Back when I first tried to make a ‘go’ of my stained glass, I paid for a yellow page ad in the local phone book. You know, until there were half a dozen different books. And before the internet made them essentially obsolete … despite the proliferation dropped off on the ground by our mailbox. Invariably I got calls for window repair, safety glass, mirror, about everything glass related EXCEPT stained glass commissions, but … I answered every call and message machine and always they thanked me for getting back to them.

This, I sincerely believe, is our obligation as bizness people. But not, apparently, on the salty South End. Never was, never will be and I should know, having been here 45 years. The new arrivals, folks who maybe need a roof repaired or a toilet fixed, ask me why, when they’ve left a message for Bubba’s Fix-It Shop, Bubba never calls back. And neither does Clyde or Will or any of the other contractors down here or up island. They think maybe they’re being discriminated against by the locals, meaning us old timers. I say, naw, just good ol’ boys who never return calls when the economy is good, only when they’re out of work and the mortgage payment is overdue and the mizzus is threatening to leave them with the kids after the divorce is finalized.

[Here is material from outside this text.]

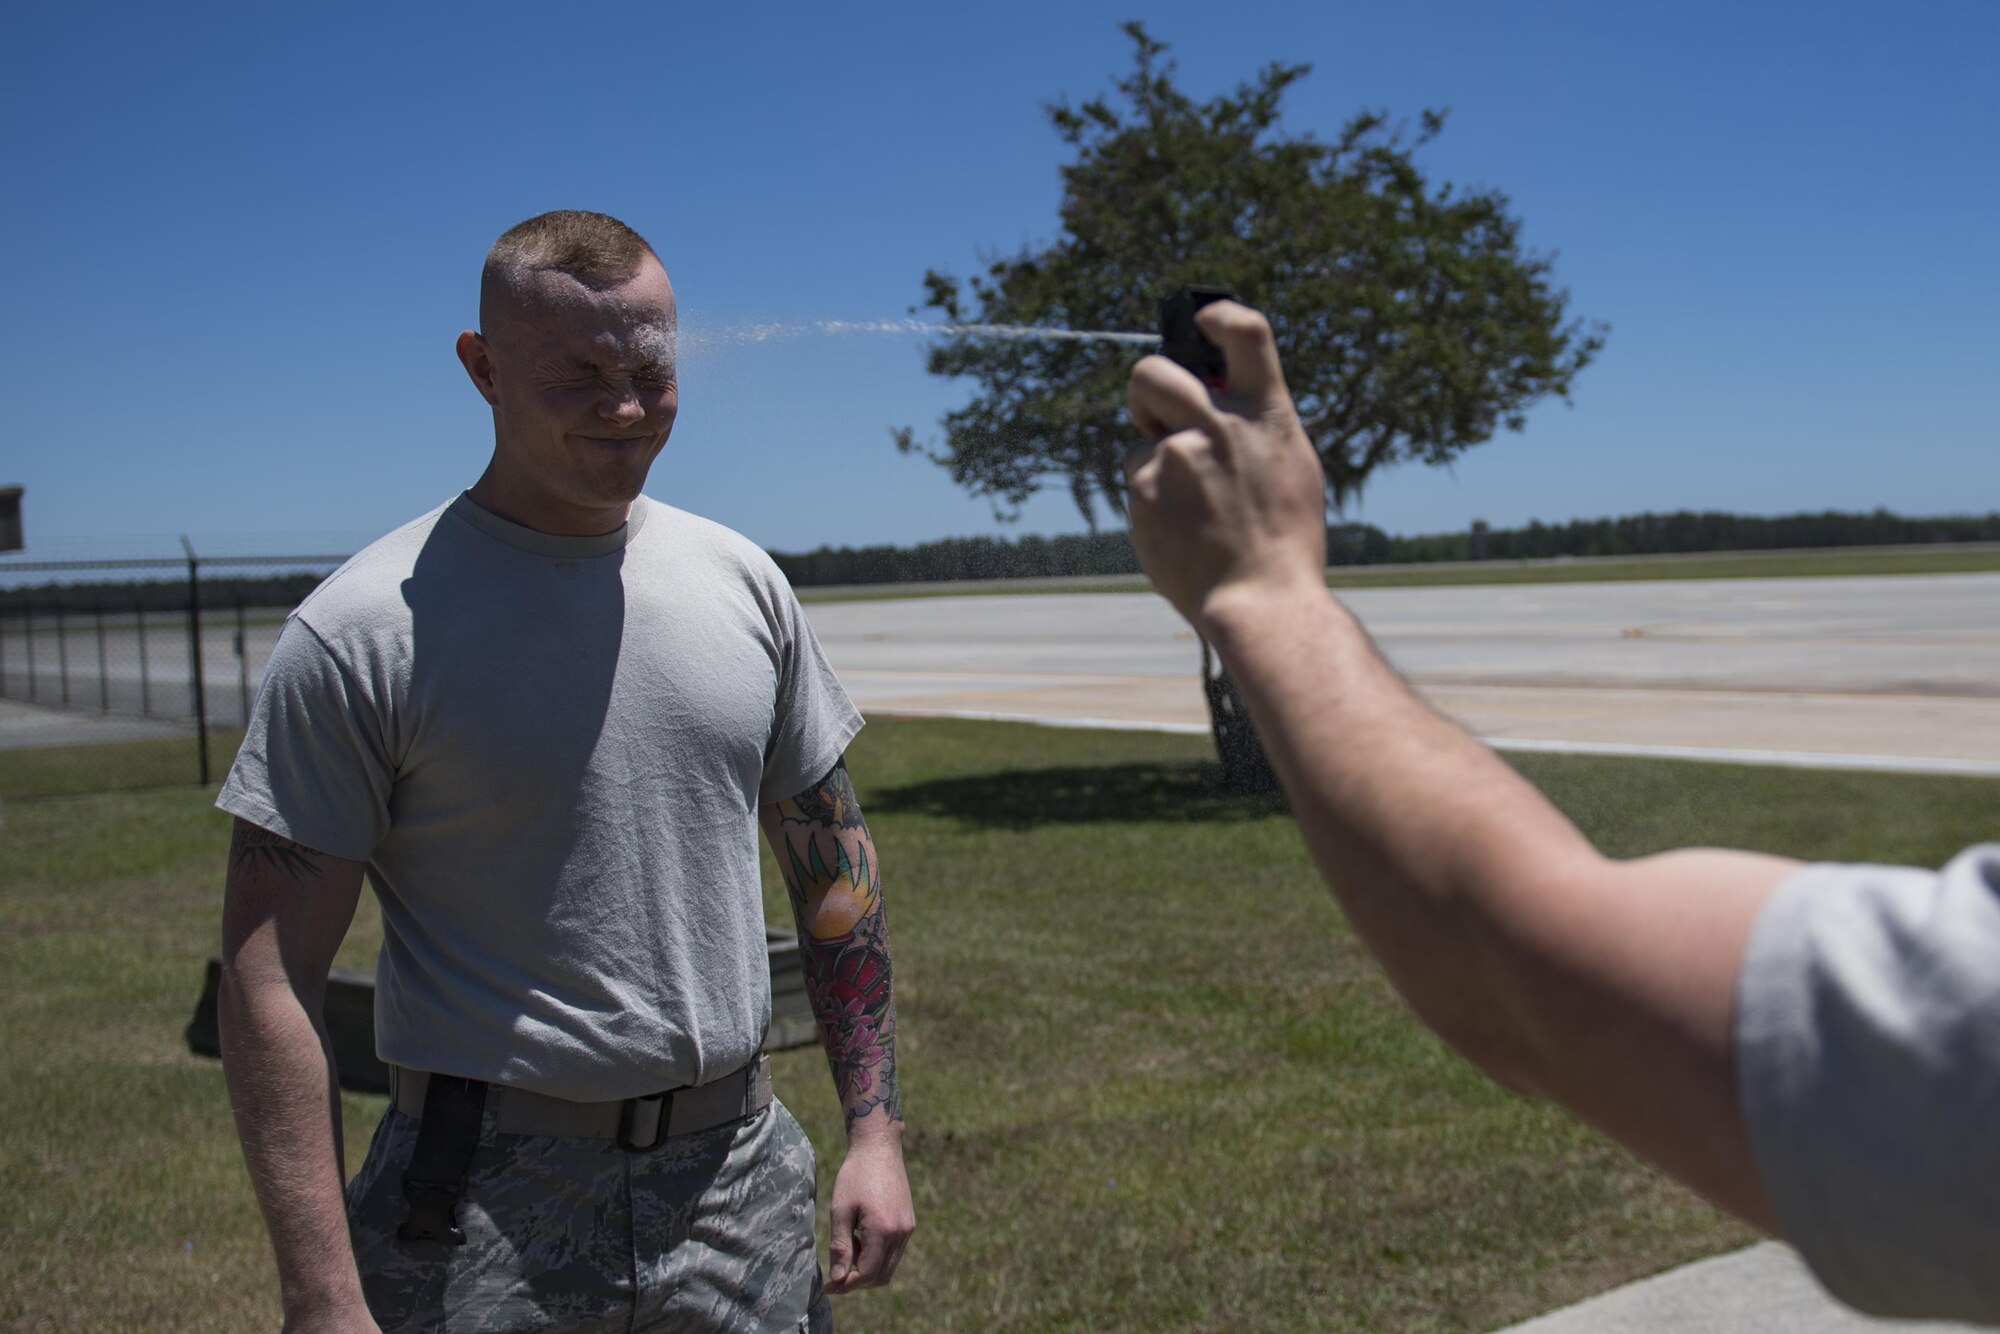 A unit trainer sprays Airman 1st Class Hunter Ogle, 23d Security Forces Squadron entry controller, in the face with oleoresin capsicum spray, also known as pepper spray, during an initial confidence course, May 2, 2017, at Moody Air Force Base, Ga. Airmen must complete a class then pass a physical confidence course while experiencing the effects of oleoresin capsicum spray to be qualified to carry the less-than-lethal tool. (Air Force photo by Airman 1st Class Daniel Snider)

I hired a neighbor to grade and gravel my driveway about a year ago. I’ve called him to see if maybe the gravel is sitting on one of those container ships I see anchored across Saratoga Straits over by Whidbey Island, you know, a supply chain issue. My guy never answers a phone and if you think he’s called me back, I got some prime nettle acreage you might be interested in instead of investing in cryptocurrency. Folks like to believe in the quaint notion of Shopping Local. Me, I gave up on that a long time ago. Nowadays I let my fingers do the walking, maybe not in the phone book, but on the internet. You want to Shop Loco, be my guest, but Bubba’s not calling you back.